Люди от Фрэнсиса Бэкона до Маколея были глупыми оптимистами эпохи Просвещения. Они думали о неограниченном прогрессе, а не только о достойных уважения, но скромных выгодах от торговли. В 1830-1840-х годах оптимисты (как их называл Шумпетер), Генри Кери в США и Фридрих Лист в Германии, а также математики вроде Бэббиджа в Англии, "видели огромные возможности, открывающиеся в ближайшем будущем". Они были оптимистичными глупцами (а Кери и Лист были еще и глупыми протекционистами). Тем не менее, они правильно оценили масштабы нарастающего прилива. Их оппоненты, классические экономисты, в своем пессимизме были совершенно неправы. Это может заставить настороженно относиться к модному нынче пессимизму. Классические экономисты от Адама Смита до Маркса писали до резкого роста реальной заработной платы британских, французских и американских рабочих во второй половине XIX века и задолго до взрывного роста мировых доходов в XX веке. Они представляли себе умеренный рост доходов на душу населения, возможно, максимум в два-три раза, как это могло бы произойти, если бы Шотландское нагорье стало похожим на богатую капиталом Голландию (точка зрения Смита) или если бы мануфактурщики в Манчестере присваивали сбережения для реинвестирования, эксплуатируя своих бедных рабочих (точка зрения Маркса) или если бы сбережения, полученные в результате глобализации, инвестировались в европейские фабрики (точка зрения Джона Стюарта Милля). (Если снова обратиться к моим коллегам-экономистам, то все они рассматривали возможность снижения предельного продукта капитала, а не его шокирующий, шестнадцатикратный крен вправо). Но классические экономисты, повторюсь, ошибались, и мои коллеги-экономисты тоже ошибаются, когда рассуждают в классических терминах.

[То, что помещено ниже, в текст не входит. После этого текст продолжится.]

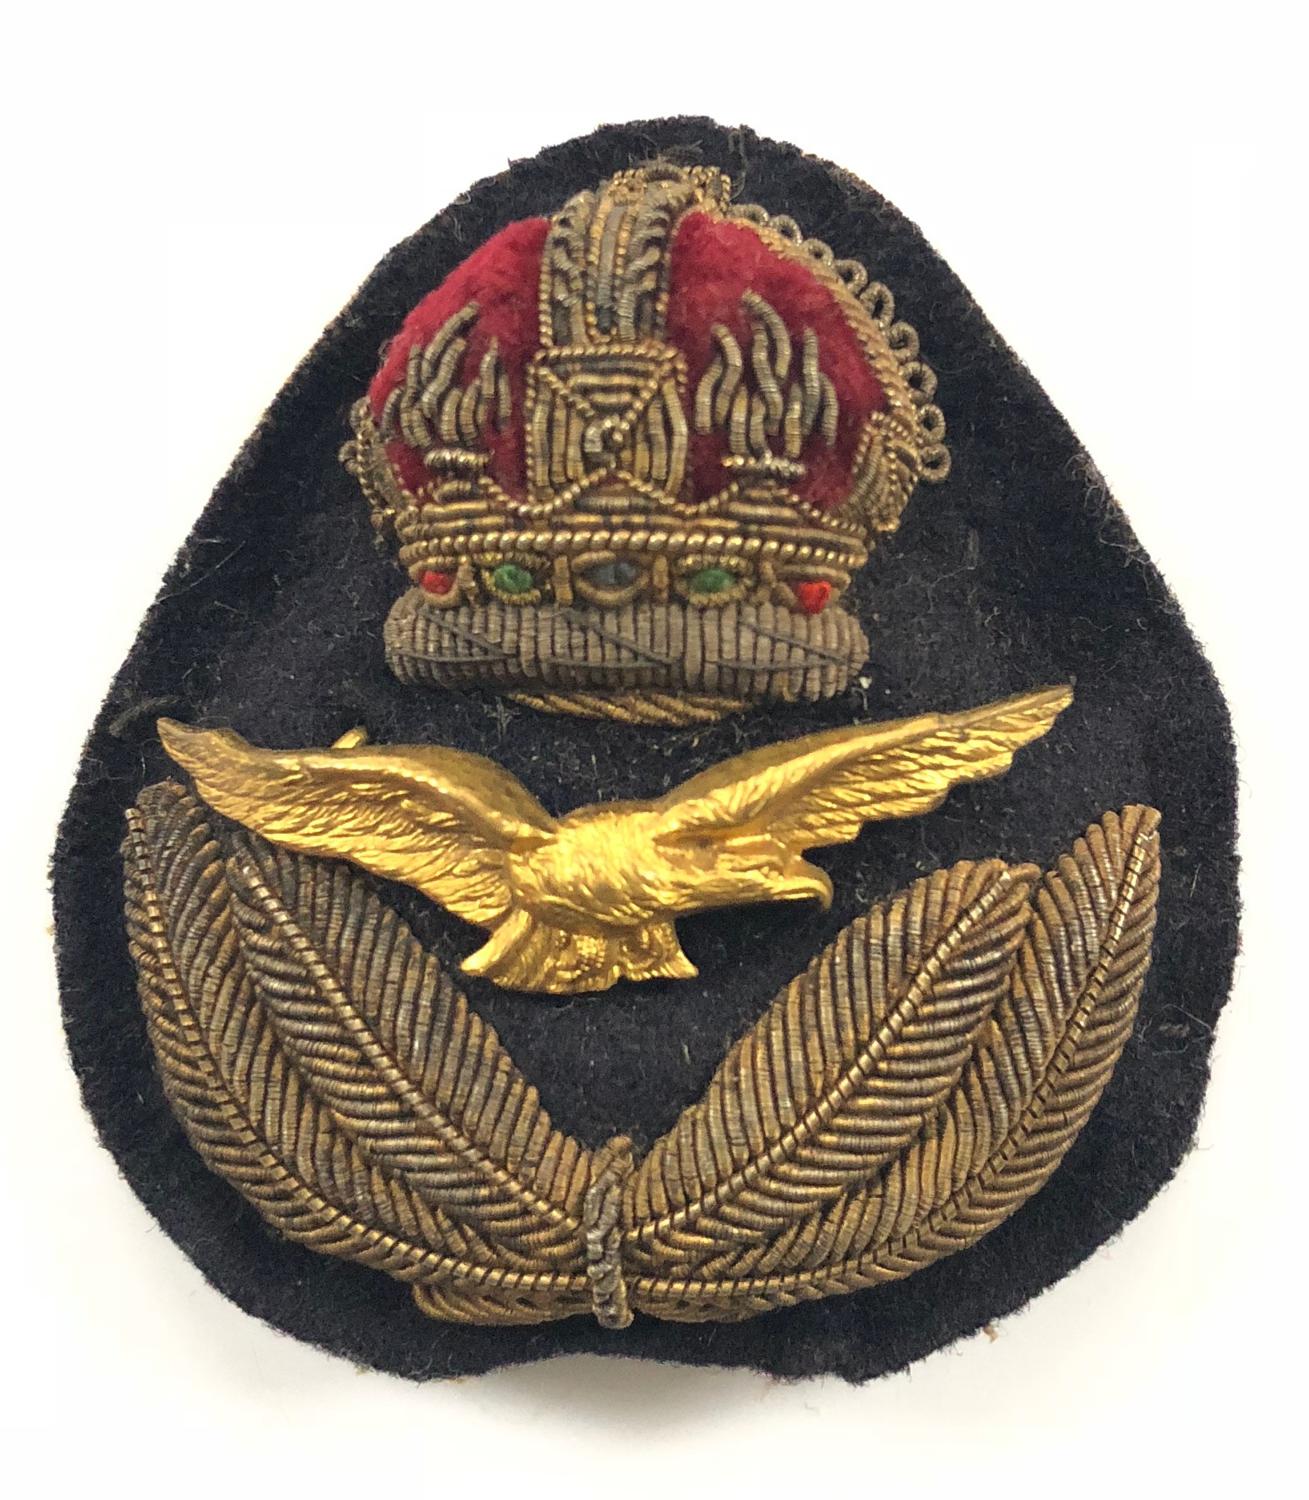 RAF Interwar / Early WW2 Officer’s Cap Badge.

Вероятно, медленное начало (медленное, во всяком случае, по более поздним меркам) объясняет, почему промышленные изменения были практически незаметны для экономистов и некоторых других лиц, призванных следить за ними, хотя они не были незаметны для многих людей, обладающих здравым смыслом и способных видеть. Маколей писал в 1830 г.: "Один волнорез может отступить, но прилив явно наступает".20 Прилив действительно наступает: экономика, как я уже говорил, объясняет форму приливных сил, вторгающихся на сушу, но не силу самой руки. Ранний викторианский поэт Артур Хью Клаф не восхвалял инновации - хотя он и был сыном хлопчатобумажного фабриканта, он ненавидел все это, как и большинство романтиков, и он был бы раздражен, если бы его стихи использовались для описания того, что произошло в экономическом плане, скажем, до 1860 года:

Ибо, пока усталые волны, тщетно бьющиеся о берег, Кажется, что здесь нет ни одного болезненного дюйма,

Далеко позади, через ручьи и заливы делая, Идет тихая, flooding in, главная.